◆ Task brief
Print the entries below again exactly as they stand, but skip any picture.

◆ Dataset
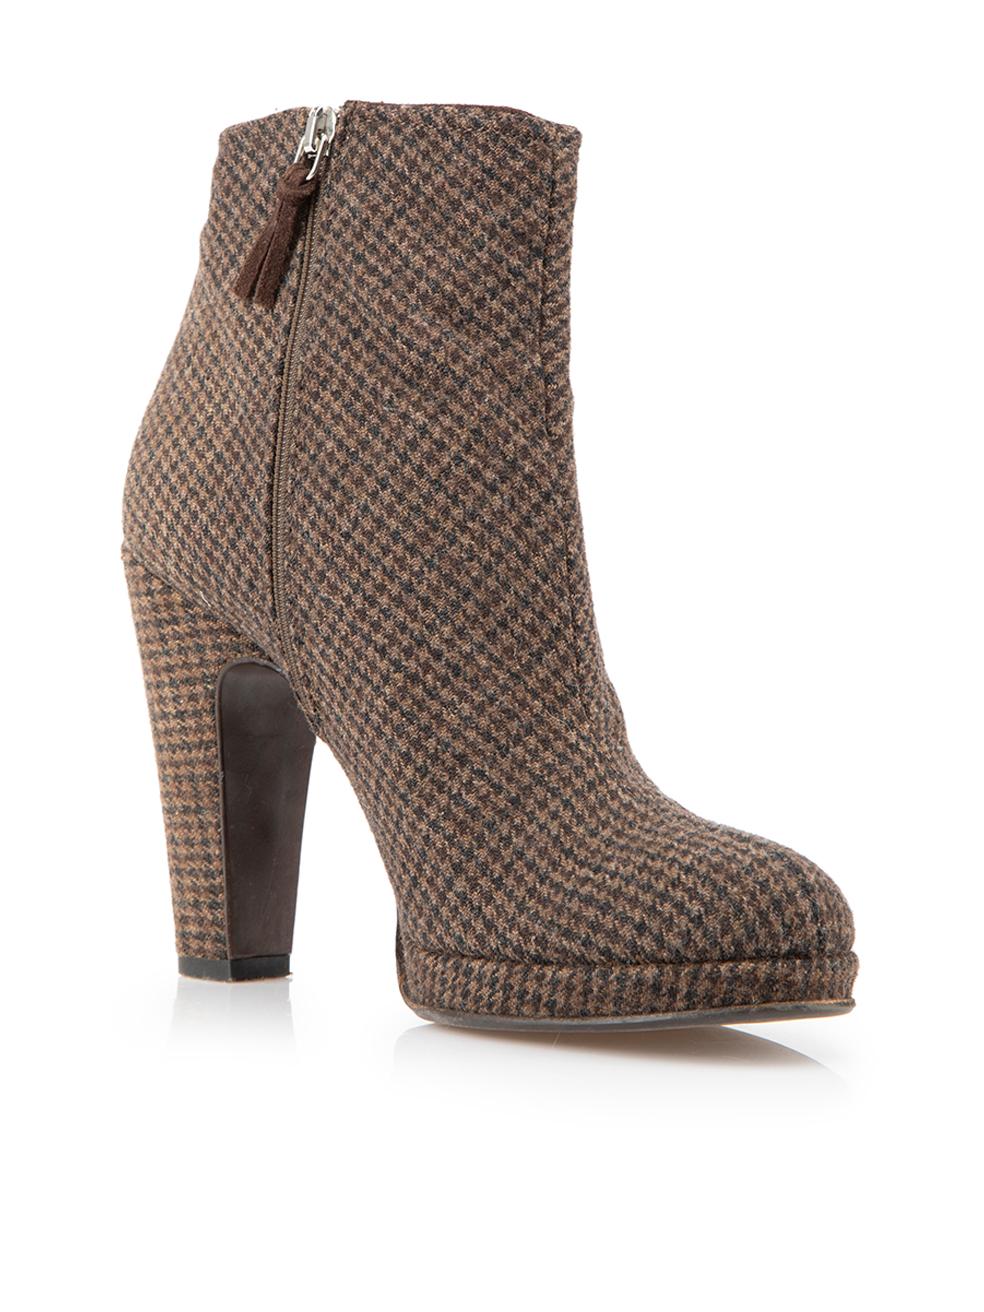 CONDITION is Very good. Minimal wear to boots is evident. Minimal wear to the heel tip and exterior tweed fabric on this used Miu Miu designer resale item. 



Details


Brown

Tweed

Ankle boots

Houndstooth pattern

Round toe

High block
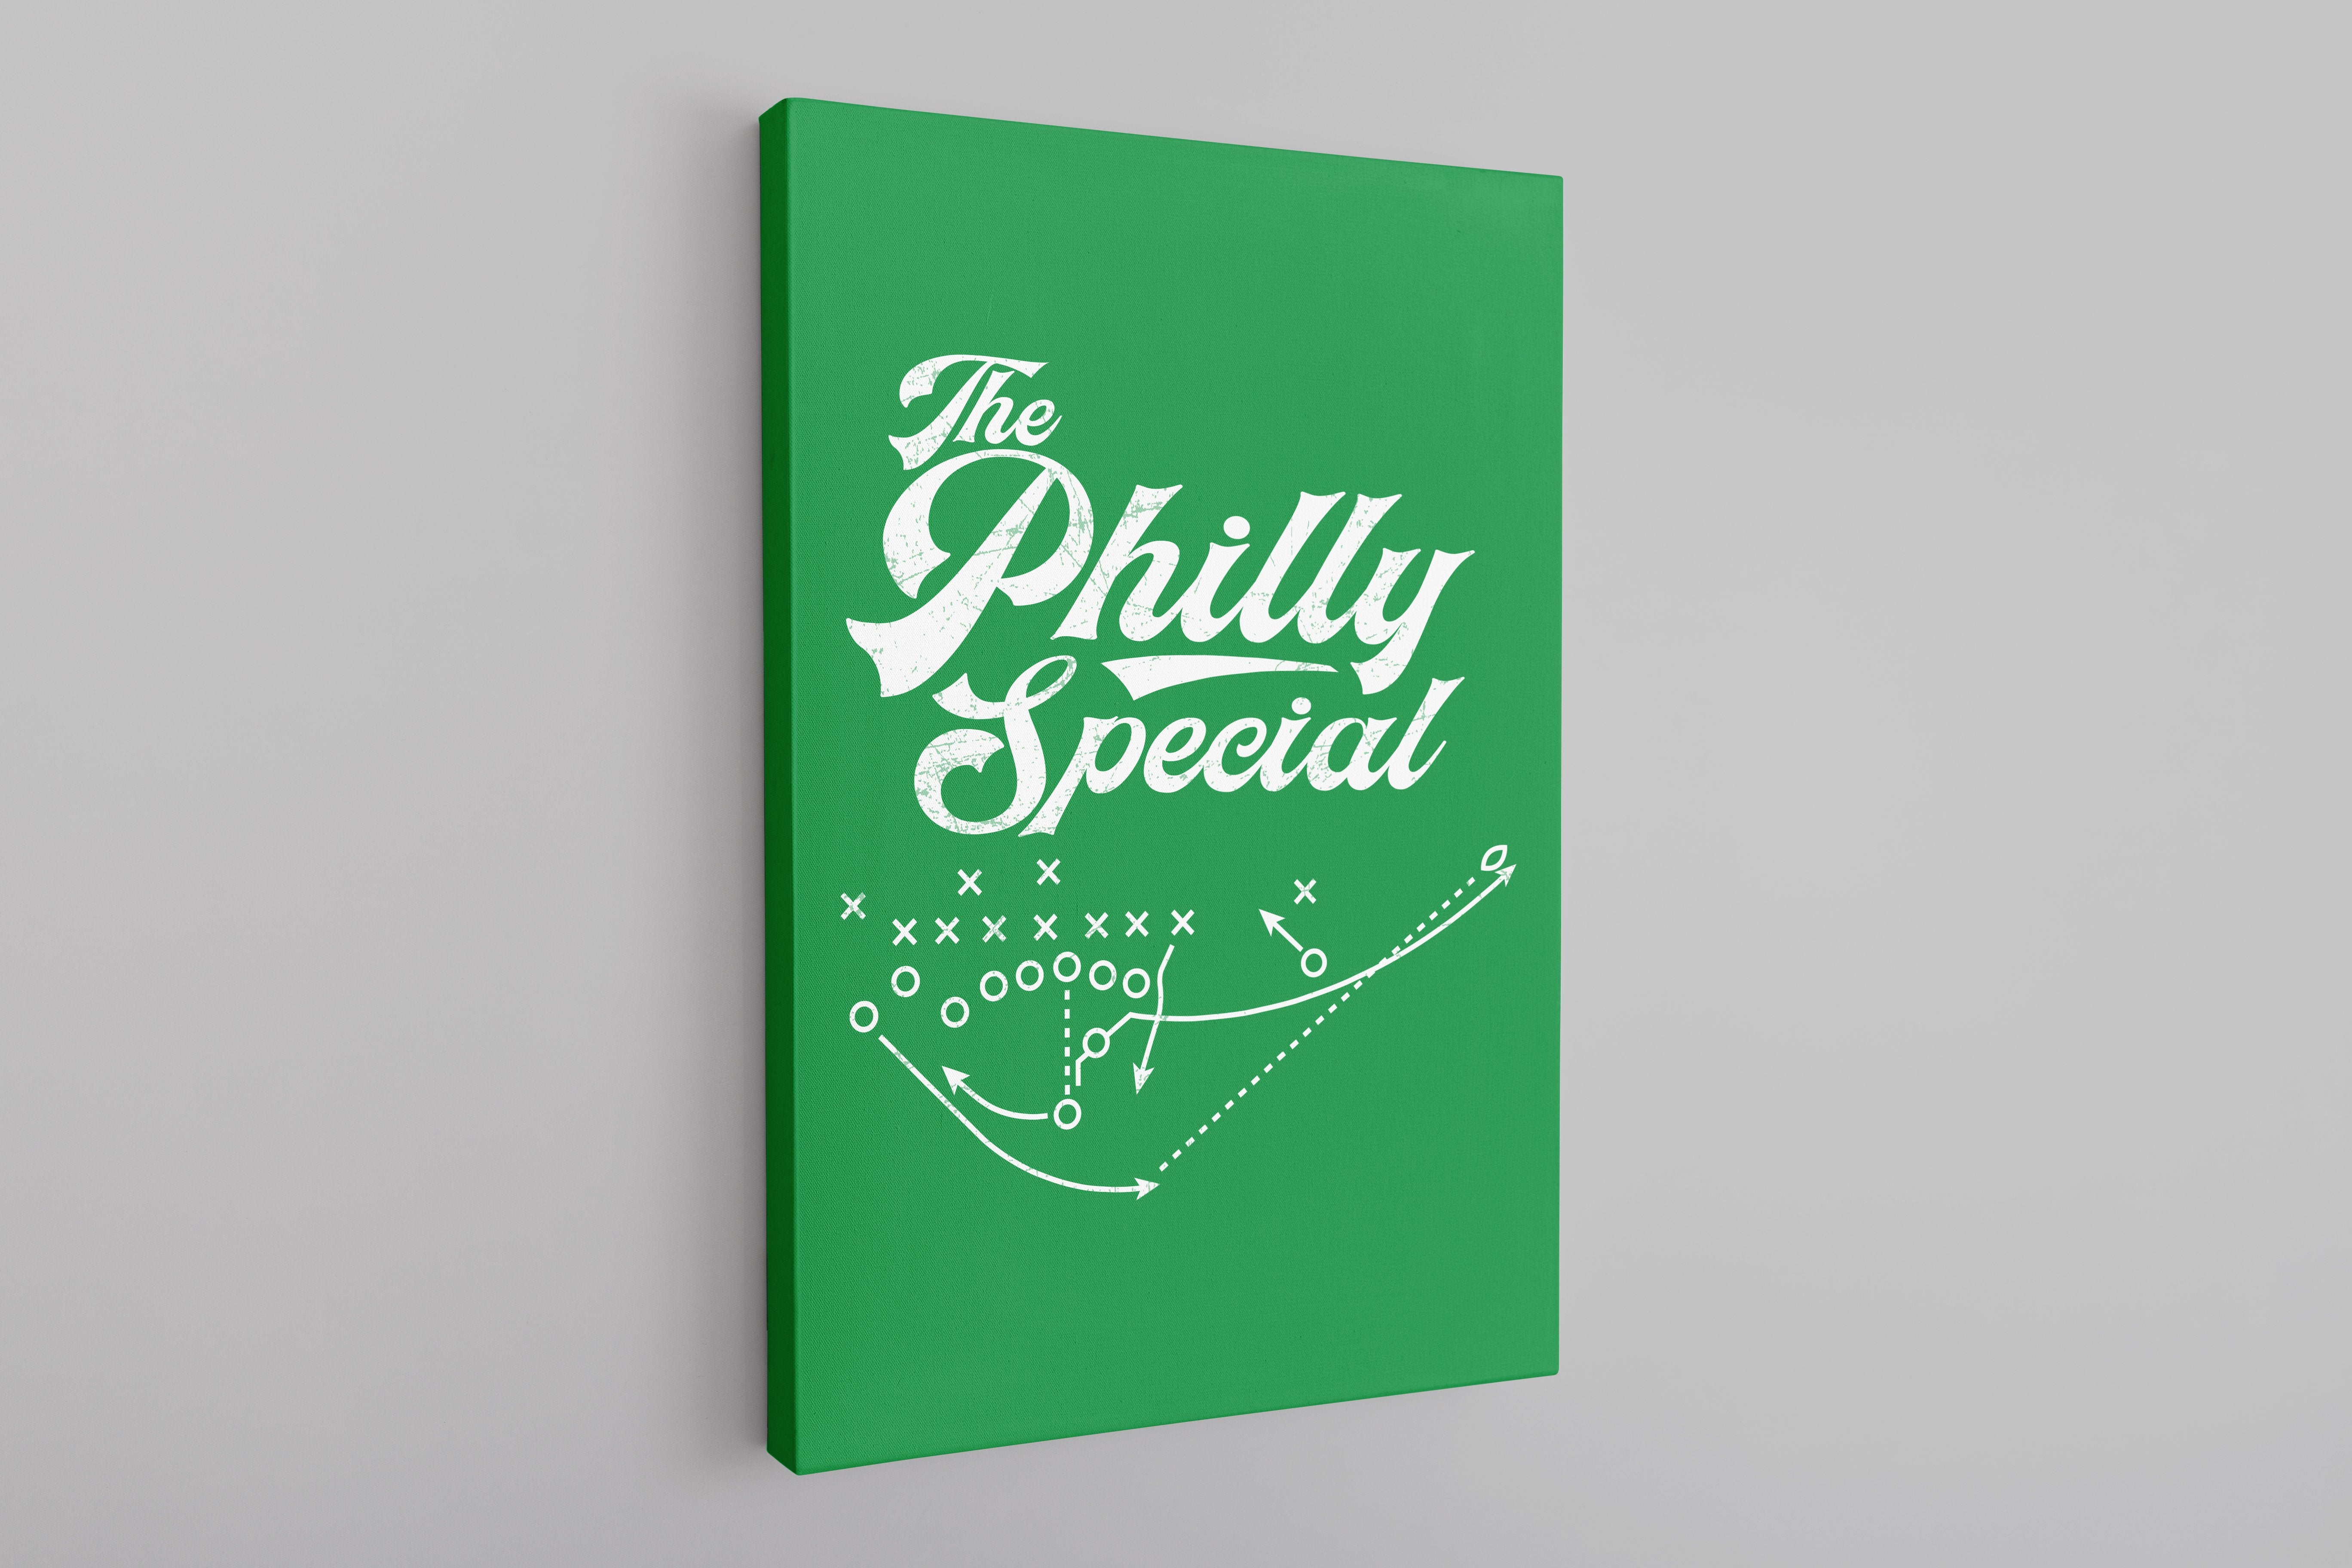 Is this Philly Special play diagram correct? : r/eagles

◆ The completed task
 CONDITION is Very good. Minimal wear to boots is evident. Minimal wear to the heel tip and exterior tweed fabric on this used Miu Miu designer resale item. 



Details


Brown

Tweed

Ankle boots

Houndstooth pattern

Round toe

High block
 Is this Philly Special play diagram correct? : r/eagles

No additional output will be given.